I then apply Aline dressing from SA or Loon. Wipe off excess.

if I was in really dirty water I do an immediate full line soak, clean and dress

my lines stay supple, shoot fine and last. SA and dressing kits are affordable and easy.

no detergents or WD40 . Manufacturer info is Basically what I do.


----------



## crabsNshrimp (Nov 3, 2021)

I use the Rio Agent X dressing and the SA dressing and both work well.


----------



## permitcaptain (Nov 24, 2021)

SS06 said:


> Food grade silicone spray...green can at your local hardware. Cleans and conditions the line


Agree


----------



## minchyota (Nov 27, 2018)

Alexander Wilcox said:


> I rinse my reels after every trip. Every few months or if the line starts showing some dirt I strip it off and use this kit:
> 
> 
> 
> ...



I second this. I rinse my reels with hot tap water after each trip. When I do use the Loon kit, I usually use a microfiber rag with hot water and run the line through it to clean it off, then apply the loon fly line cleaner. Its a set and forget and it has worked well for me.


----------



## OneMoreCast (Oct 23, 2021)

Does this kit work with all lines - sinking as well as floating? I have a couple dressings that say not to use them on sinking lines. I'd rather not have to think about what dressing to use for what line. 

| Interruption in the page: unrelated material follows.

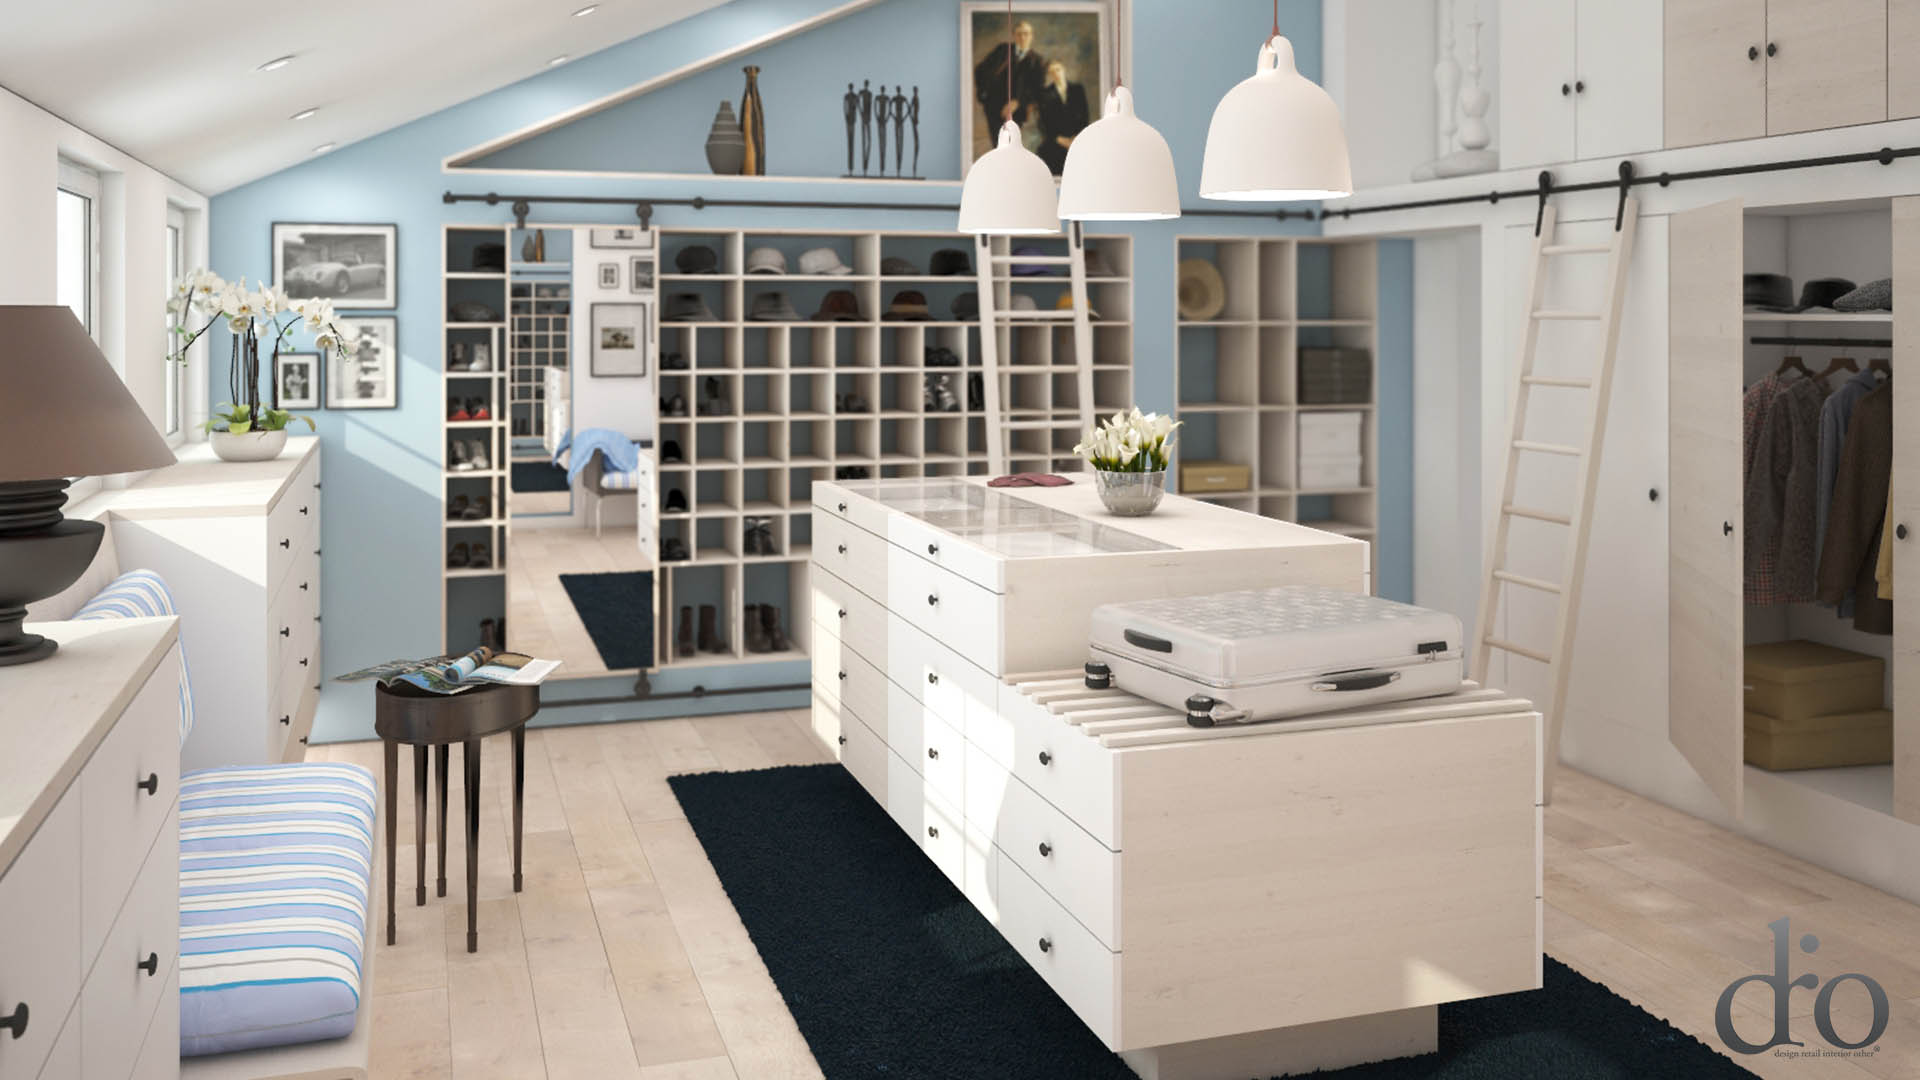 ladenbau hannover innenarchitekt hannover im drio design. Black Bedroom Furniture Sets. Home Design Ideas

I ignored the warning and used one on an intermediate just to see. It wasn't an intermediate for a while after that!


----------



## PeteS (Dec 30, 2016)

If it comes recommended by this man I'm in


----------



## JaxFishingAdventures (Dec 8, 2021)

Our fly club suggests wet rag a few times then 303.


----------



## John Stark (9 mo ago)

SS06 said:


> Food grade silicone spray...green can at your local hardware. Cleans and conditions the line


I have heard that and will be looking for it next time I am in the hardware store!!


----------



## RennieRae (Aug 4, 2018)

What is the product that Flip is spraying in that video?


----------



## kjnengr (Jan 16, 2018)

RennieRae said:


> What is the product that Flip is spraying in that video?












Basically any food grade silicone spray should work. It should be available at your local hardware store and readily available on the internet.


----------



## Ironhead (Mar 24, 2021)

I've looked at local hardware stores, chain hardware stores, chain auto parts stores and local auto parts stores, and not one has had food grade silicone spray in stock. 

I use the Scientific Angler line cleaning cloth and line dressing. I've also used Cortland's line glide (I think that's it).


----------



## SS06 (Apr 6, 2021)

Amazon has it


----------



## RennieRae (Aug 4, 2018)

SS06 said:


> Amazon has it


Here is what I found on Amazon. Thanks guys!


----------



## SS06 (Apr 6, 2021)

That's the one I use


----------



## permitchaser (Aug 26, 2013)

SS06 said:


> Food grade silicone spray...green can at your local hardware. Cleans and conditions the line


That's what I use. The lakes I've been fishing have lots of algae and gumes up you fly line. I spay it on the reel then pull out a cast worth of line, spray it on a cloth, then pull the line through the wet area, works great


----------



## permitchaser (Aug 26, 2013)

kjnengr said:


> I don't find that I can stretch coils out very well by trying to stretch it in 3 or 4 foot sections. Instead, the best way I have found is to stretch the whole line at once by tying on a junk leader with a big loop and hooking it the ball of my truck and pulling really hard.
> 
> Doing this also shows you how much stretch fly line


Let's see big loop over hitch ball. How fast do you run the truck😁😁


----------



## kjnengr (Jan 16, 2018)

permitchaser said:


> Let's see big loop over hitch ball. How fast do you run the truck😁😁


The trick is getting the truck turned around before it gets up to full speed. If you don't break its morale before it gets into 2nd gear, you're done.


----------



## 60hertz (Oct 31, 2008)

I don‘t know what the long term effect will be, but I started using 303 protectant on my flylines about a year ago.

Started by soaking the lines in some warm water with a small amount of Ajax dishwashing liquid. washed the lines thoroughly with fresh water. Strung the lines up for a few hours and then reeled the lines onto the reel while dragging them through a microfiber cloth soaked in 303.

Every few trips, I just strip off the fly line and then reel it back on as I drag it through a microfiber rag soaked in 303.

Seems like the lines cast better and stay clean, but I’m not sure what long term harm I’m causing to my fly lines. Also not sure of the ecological harm I’m doing, so…


----------